René Lalique e a Mulher-flor
René Lalique (1860-1945) e Calouste Sarkis Gulbenkian (1869-1955) conheceram-se provavelmente em meados da década de 1890, através da atriz Sarah Bernhardt, grande admiradora do artista.
A amizade de ambos viria, entretanto, a desenvolver-se e a aprofundar-se ao longo de cinquenta anos, tendo o colecionador comprado diretamente ao artista, entre 1899 e 1927, a quase totalidade (com apenas uma exceção) dos cento e setenta e cinco objetos que ainda hoje se conservam no Museu Calouste Gulbenkian.
Motivo de inspiração incontornável na obra de René Lalique, e totalmente impregnado pelo espírito do estilo Arte Nova, a imagem obsessiva da mulher foi simultaneamente sujeito e objeto de algumas das mais ousadas criações do artista.
Este período, que decorreu entre as décadas de 1890 e de 1900 e que correspondeu à fase áurea da sua produção joalheira, coincidiu, não por acaso, com o momento da sua relação amorosa com Alice Ledru, sua musa e mulher.
Inserido no universo mais vasto da imagética feminina omnipresente na obra do artista – de que o peitoral Libélula, a representação de uma figura híbrida de mulher/inseto é o triunfo absoluto –, o tema específico da mulher-flor, tão caro à poesia da época, marcou também de forma determinante a originalidade criativa de Lalique.
O pendente Rosto Feminino (inv. 1141), com centro moldado em vidro opalino, de onde se suspende uma pérola barroca, de influência renascentista, encontra-se envolto por quatro papoilas abertas, em prata patinada, flor emblemática no período Arte Nova, cuja simbologia se encontra associada ao mundo onírico.

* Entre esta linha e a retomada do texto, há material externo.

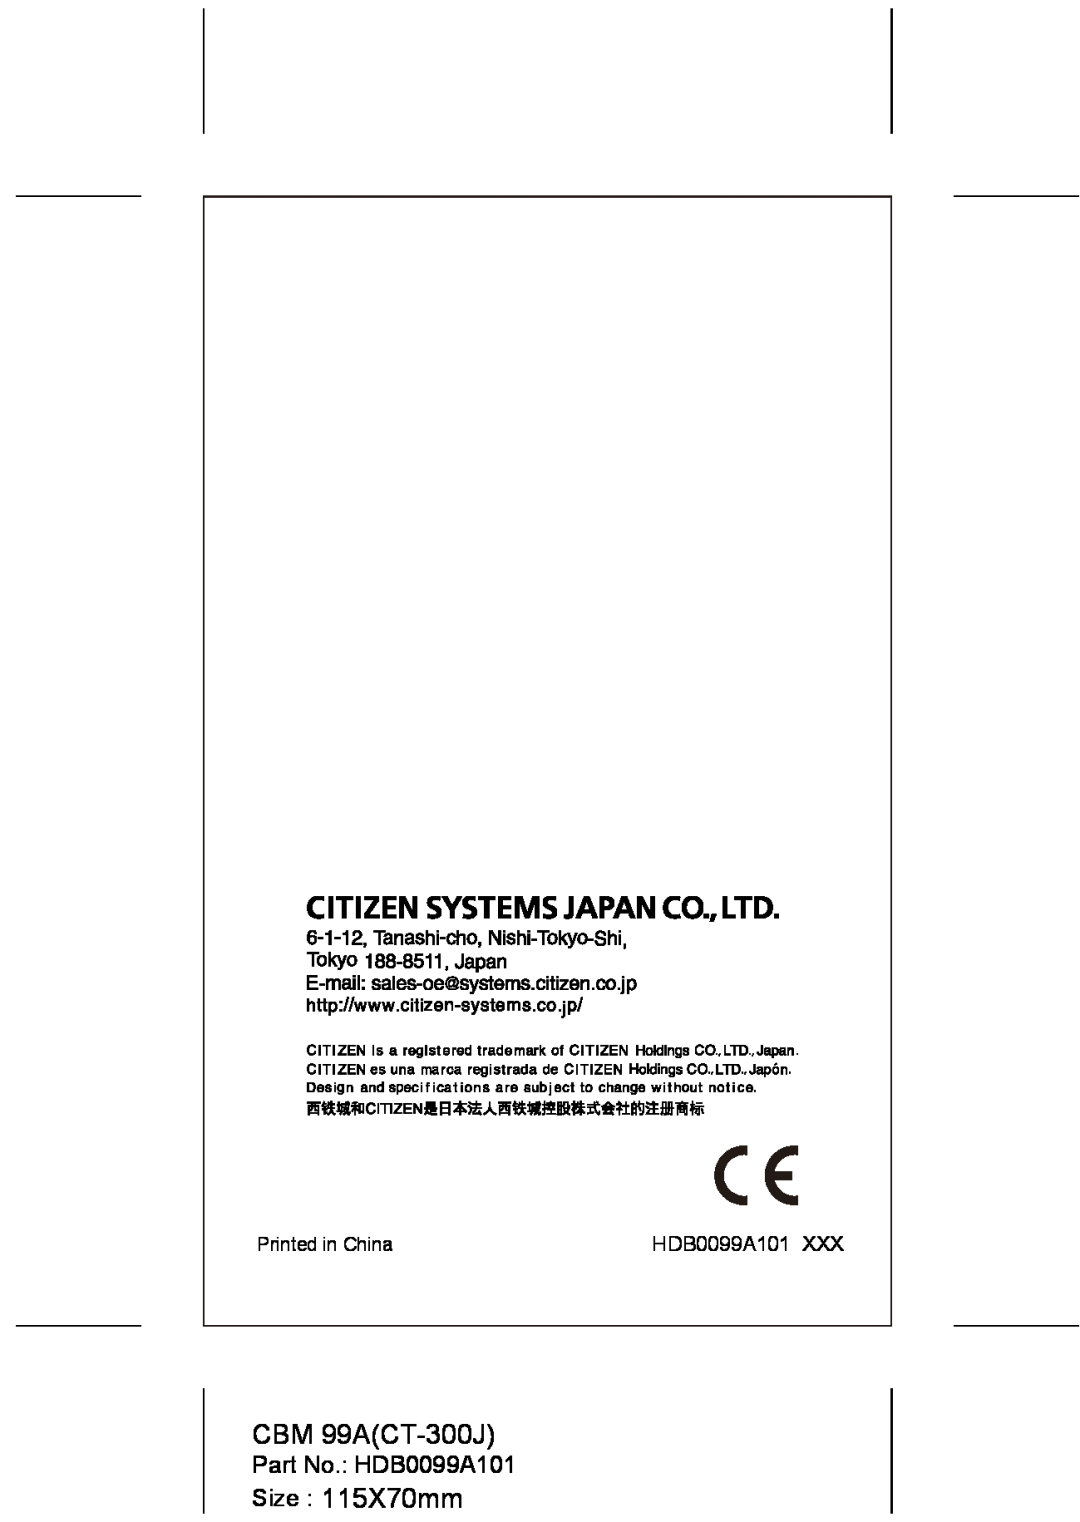 Citizen manual CBM 99ACT-300J, Size 115X70mm, Part No. HDB0099A101

O pendente em esmalte vitral Orquídea, símbolo da beleza, símbolo da fecundação, no qual quatro pétalas são rematadas por uma quinta onde surge moldado um rosto feminino em vidro despolido, dá forma ao motivo do eterno encontro entre a mulher e a flor (azul), ou à metamorfose que resulta dessa assimilação, neste caso uma reminiscência romântica do poeta alemão Novalis.

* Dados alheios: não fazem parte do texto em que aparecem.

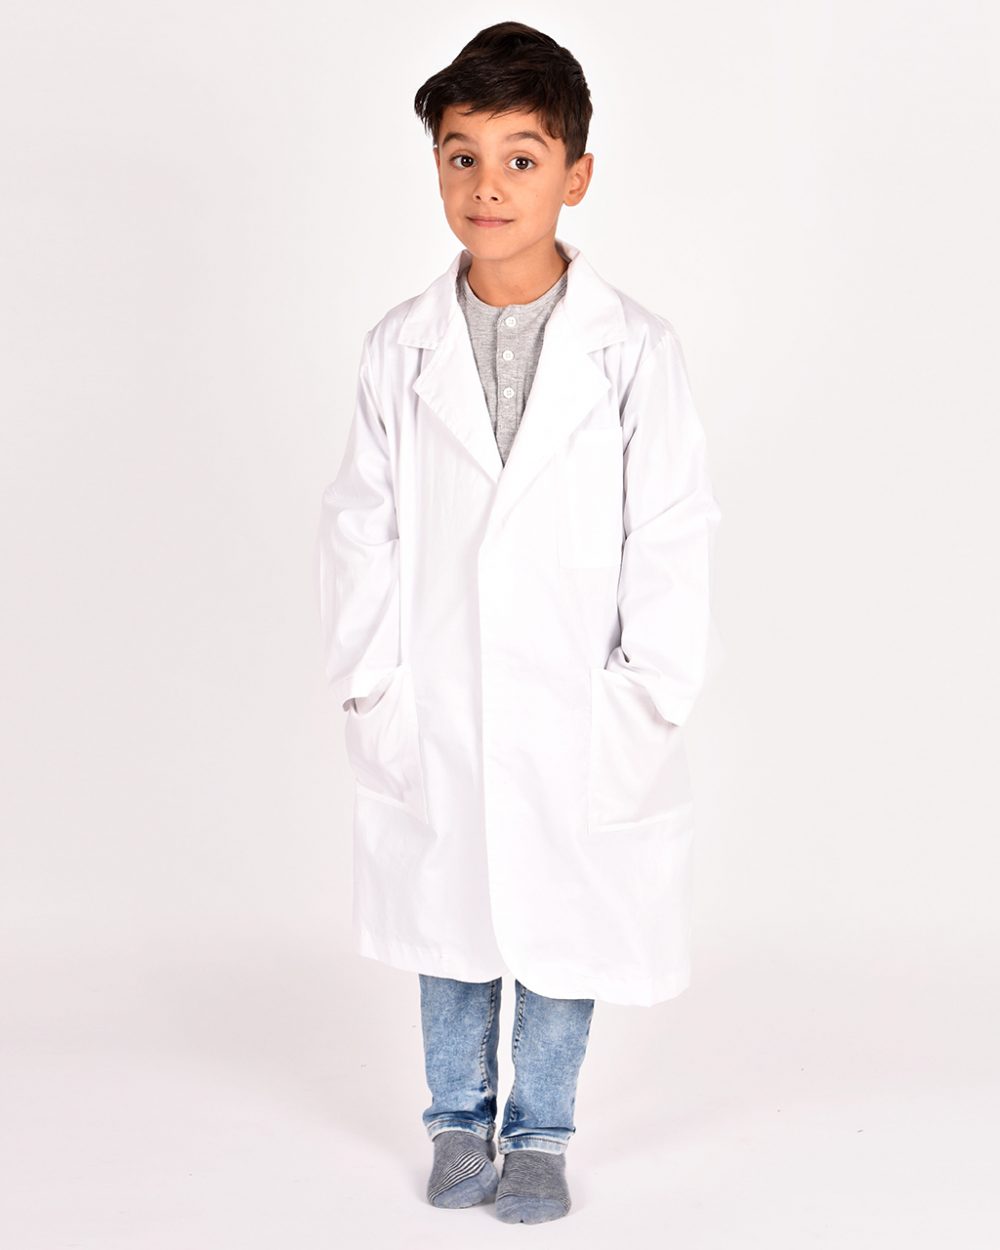 pojke i vit labbrock/doktorsrock med händerna i fickorna

Encontramo-nos, assim, perante um momento único na obra de Lalique, onde o artista atingiu e como confidenciou ao joalheiro Henri Vever em 1895, «quelque chose qu’on n’aurait pas encore vu» [algo nunca antes visto]1.
Pode afirmar-se, por isso, que as suas representações femininas pertencem a um mundo onde, como já foi dito, tudo é referência e correspondência, tudo é eco e resposta, um mundo onde «le labyrinthe de “l’œuvre d’art totale” commence partout et toutes les entrées sont legitimes» [o labirinto da «obra de arte total» começa em qualquer lado e todas as entradas são legítimas]2.
1 Henri Vever, La bijouterie française au XIXe siècle (1800-1900), Paris, 1908, p. 710
2 Claude Quiquer, Femmes et machines de 1900, lecture d’une obsession, Paris, 1979, p.20.